Activity:
Once you find the line with "2019Budget Canadien" in the listing below, please repeat it and every later line exactly, through the last one, without pictures.

[Material for this task]

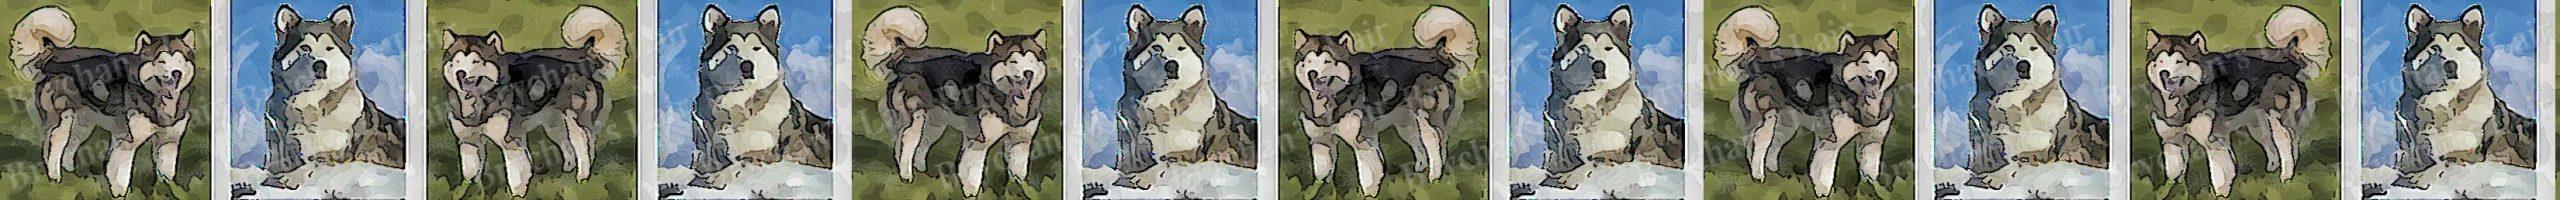 Alaskan Malamute Dog Breed Custom Printed Grosgrain Ribbon
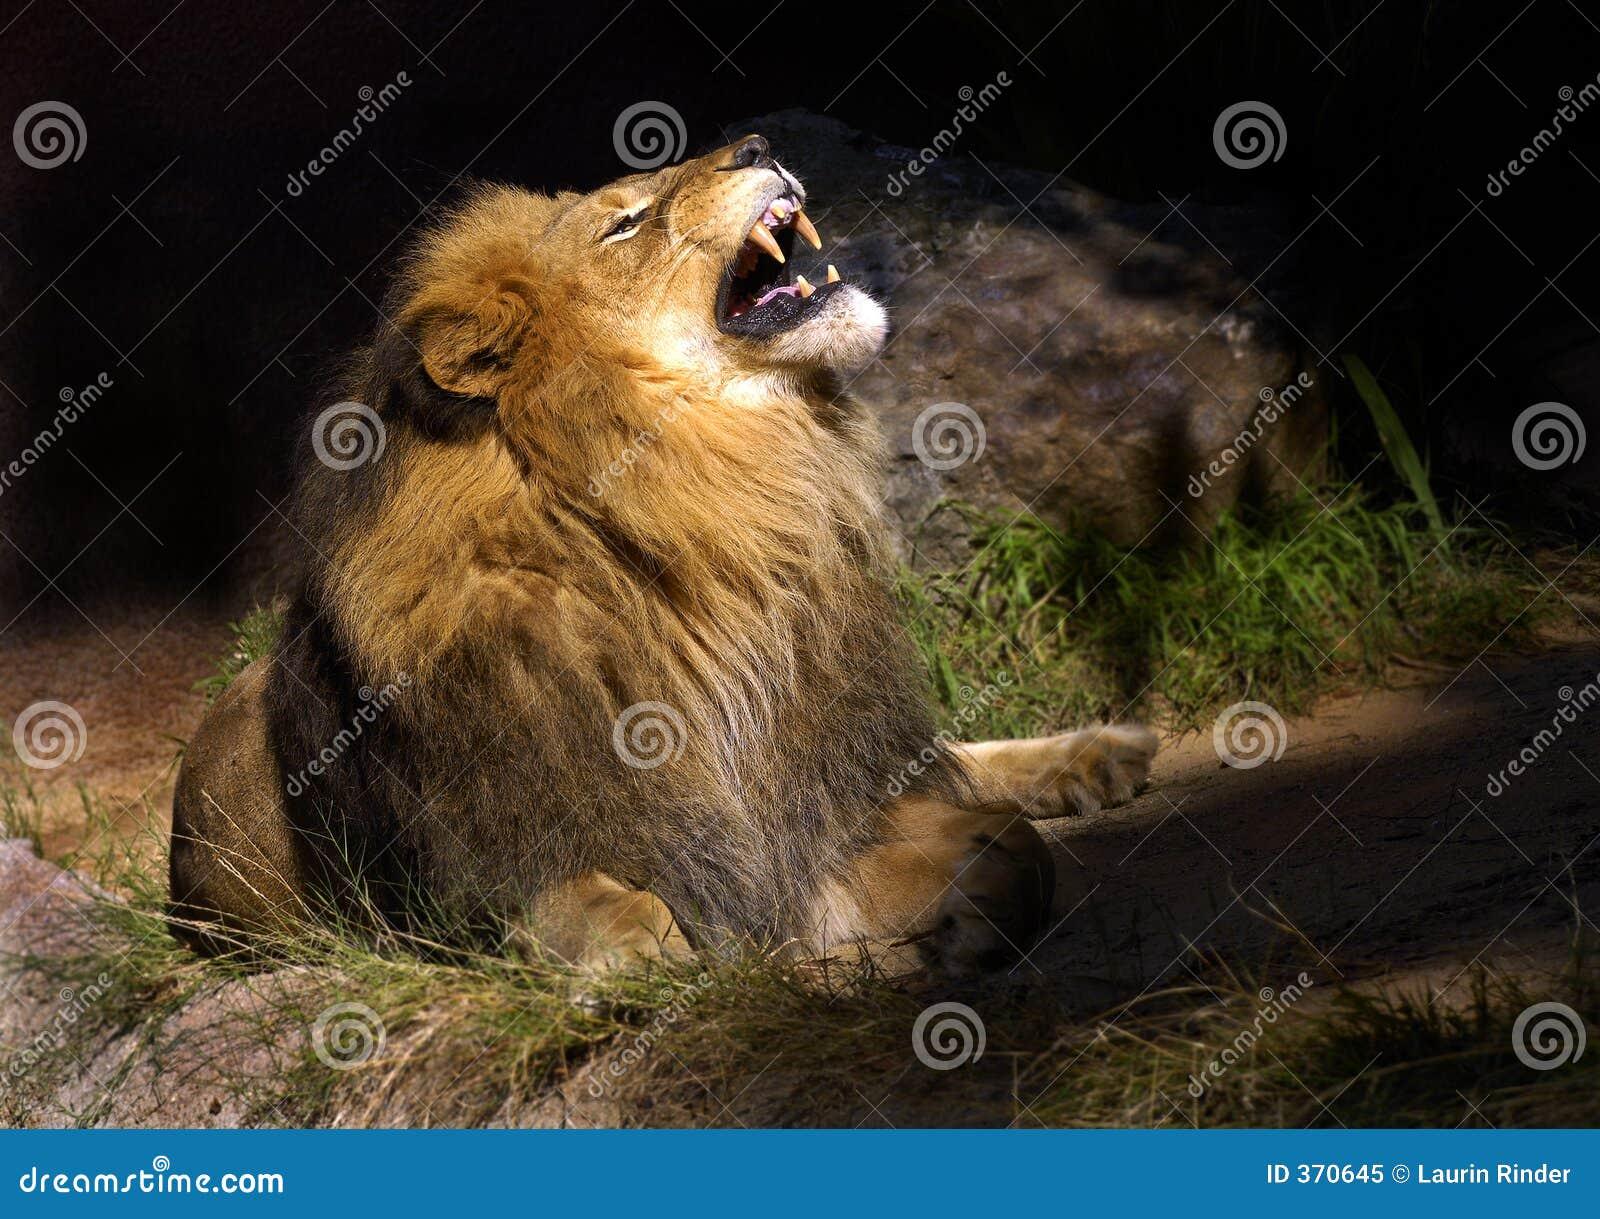 Tokig lion
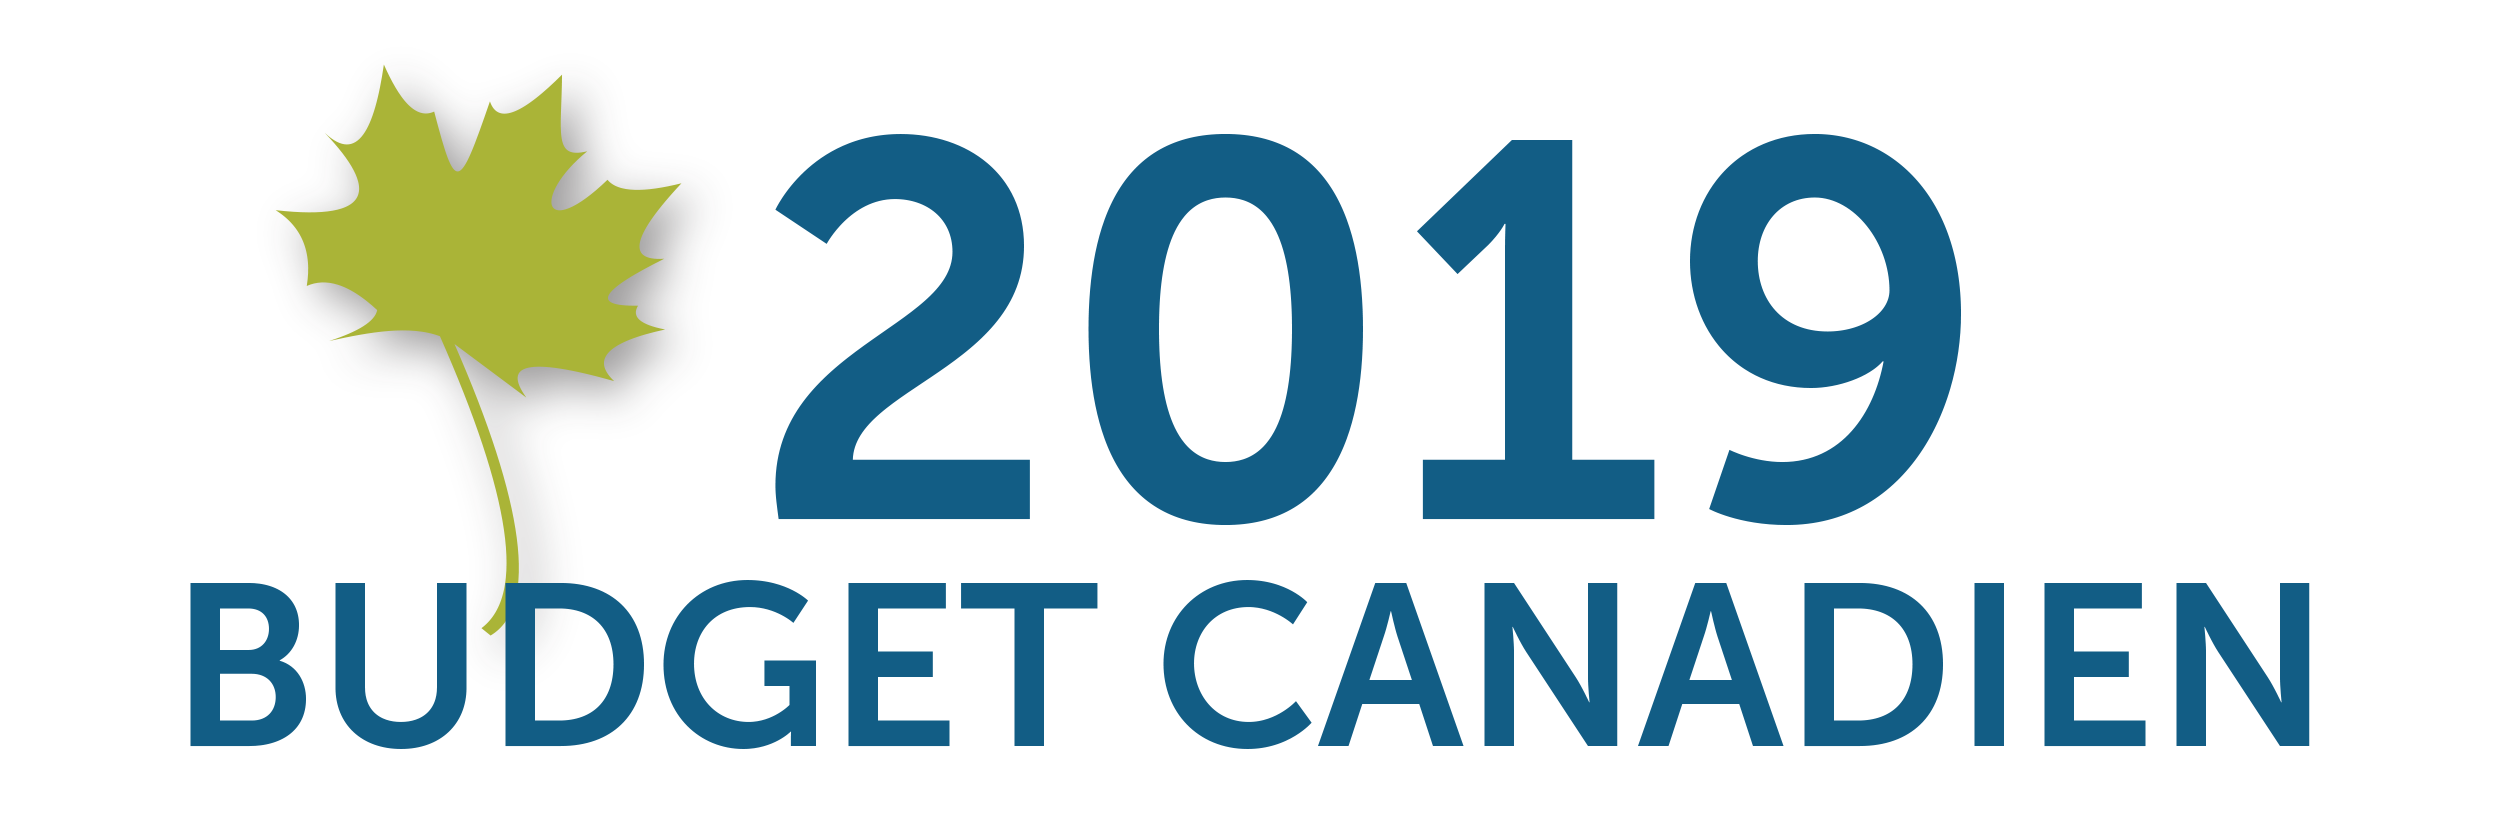 2019Budget Canadien
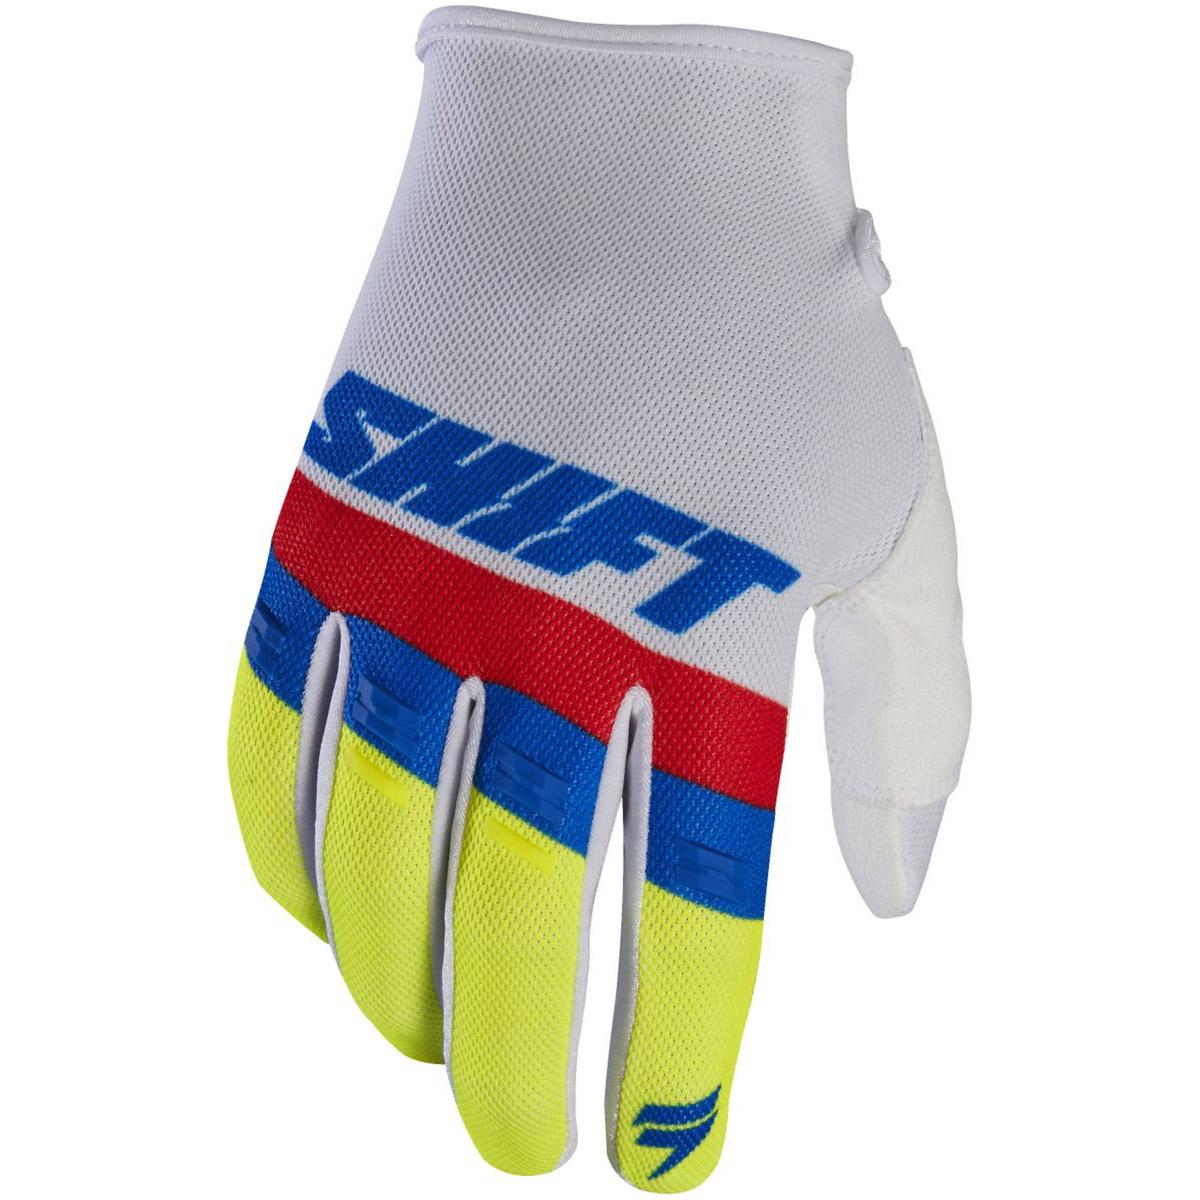 Shift - 2017 White Label Air перчатки, белые
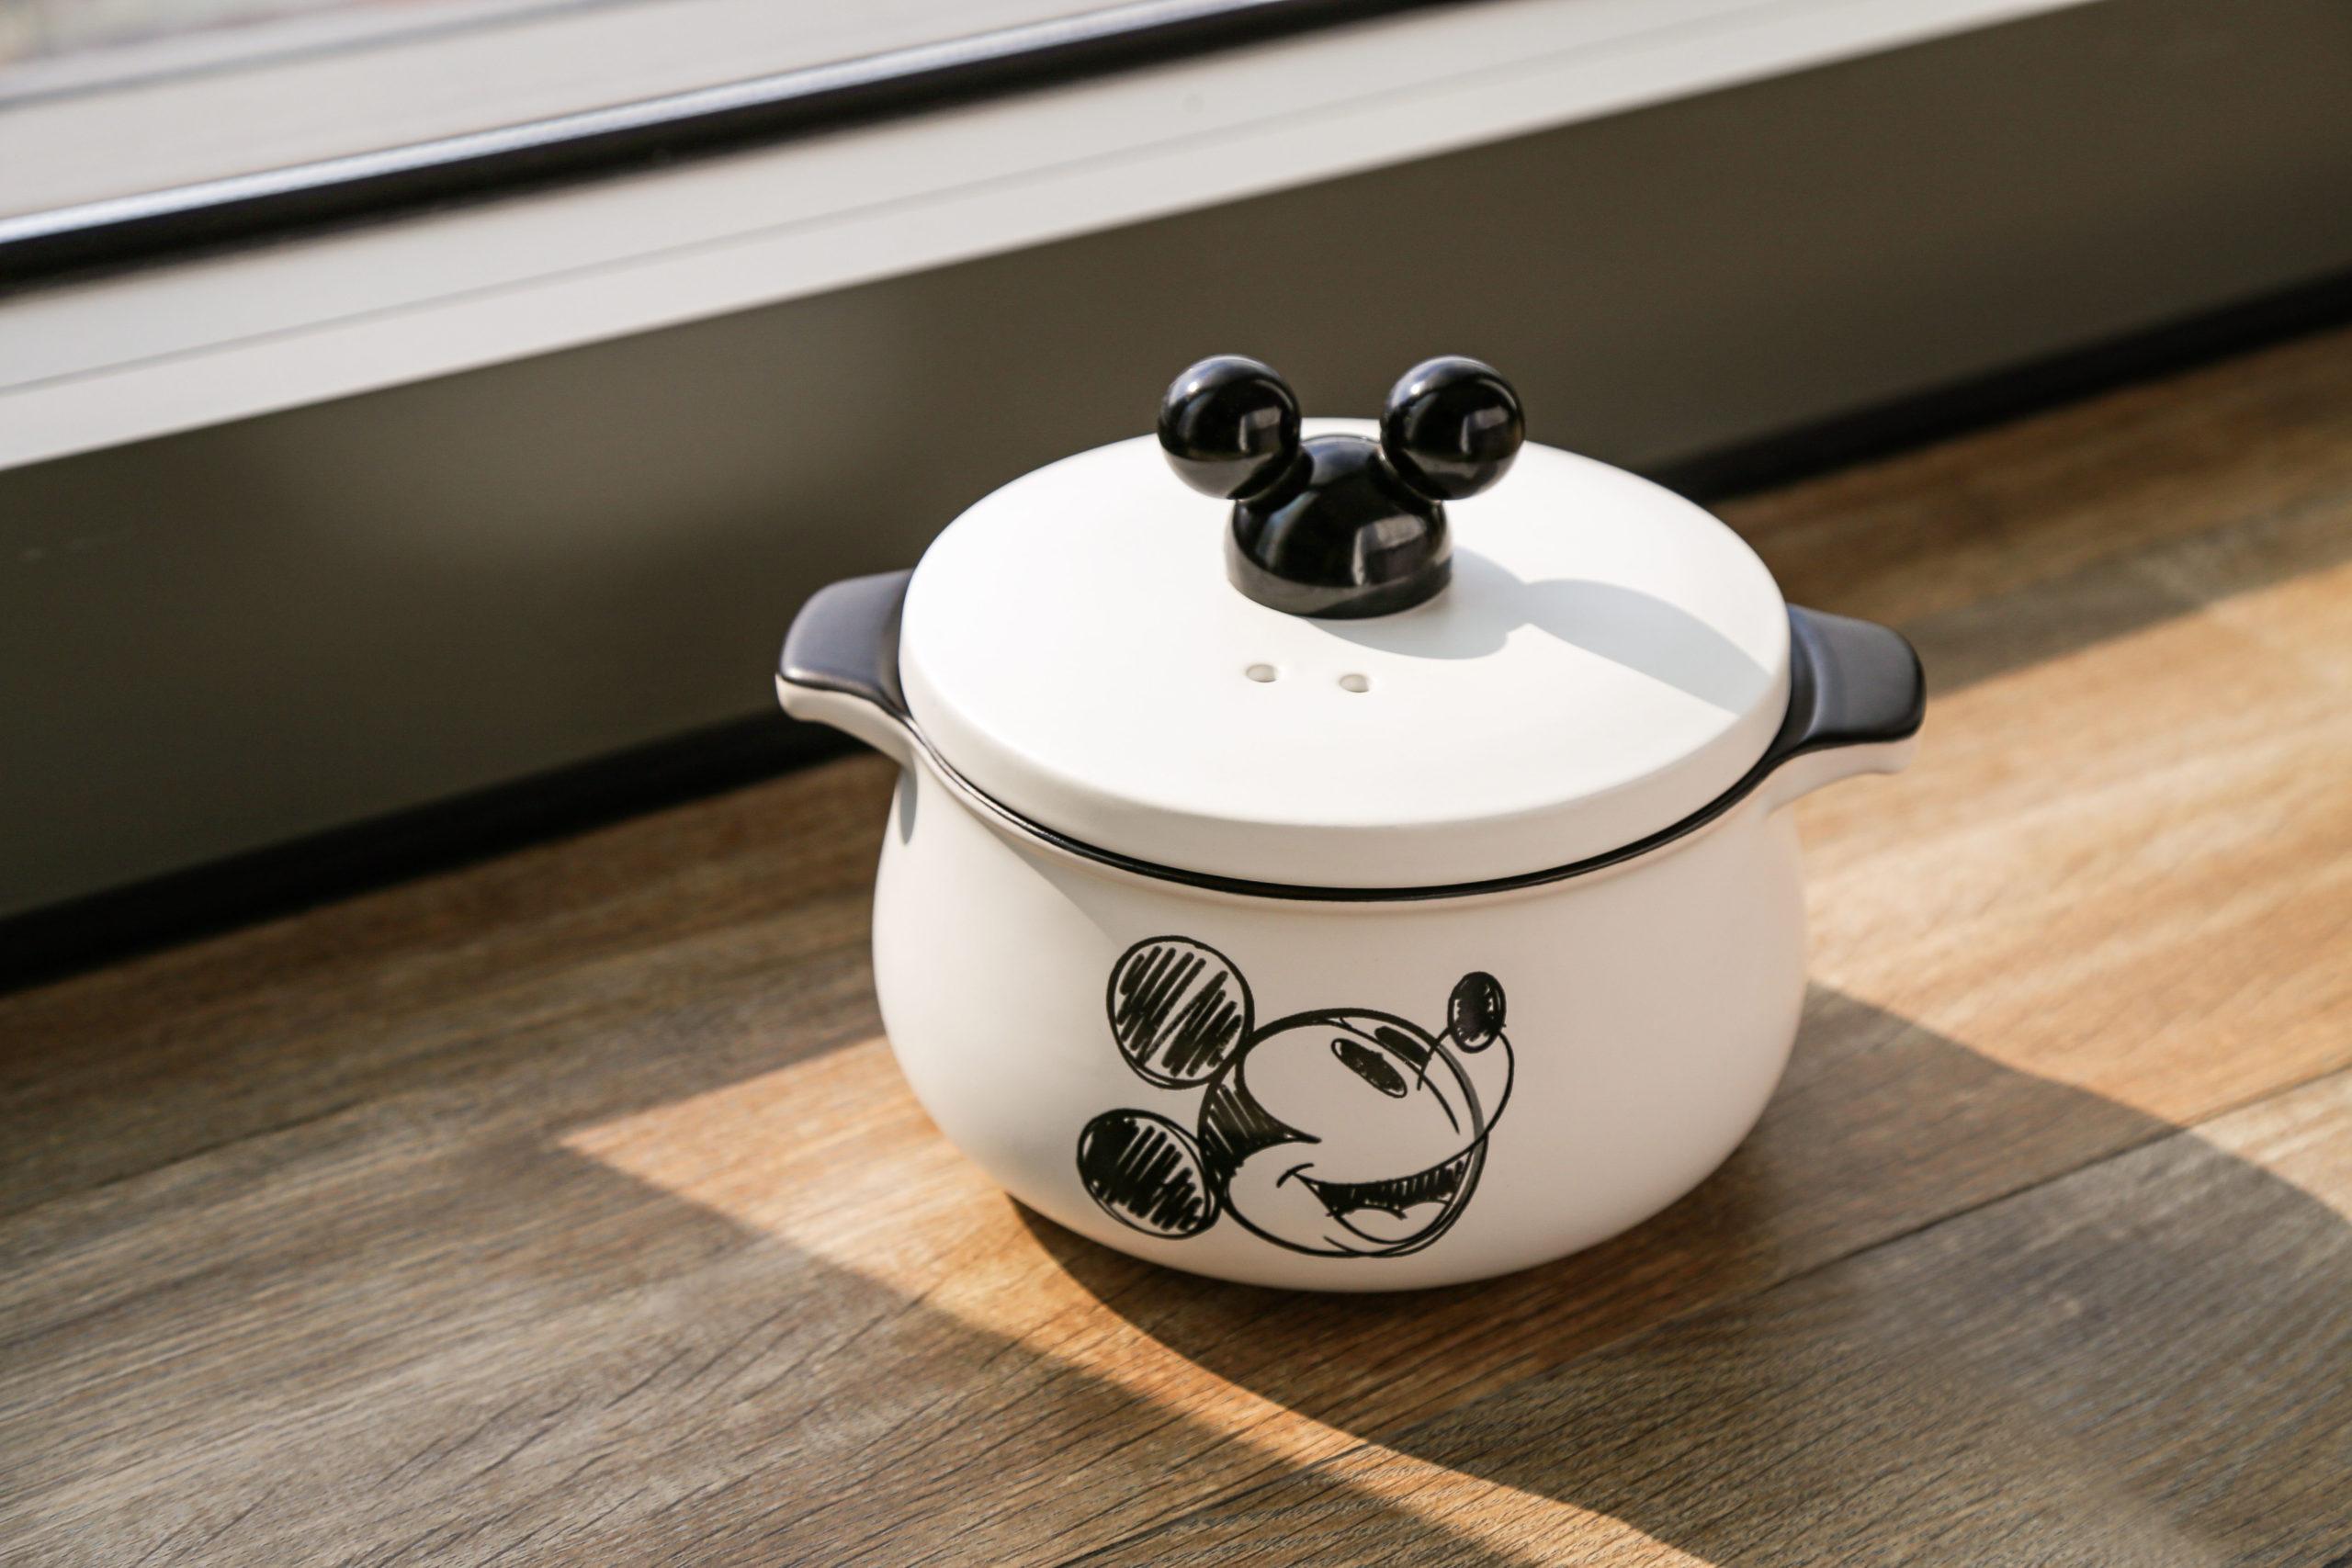 Fairprice Mickey Cooking Pot

[/Material for this task]

Worked solution:
 2019Budget Canadien
 Shift - 2017 White Label Air перчатки, белые
 Fairprice Mickey Cooking Pot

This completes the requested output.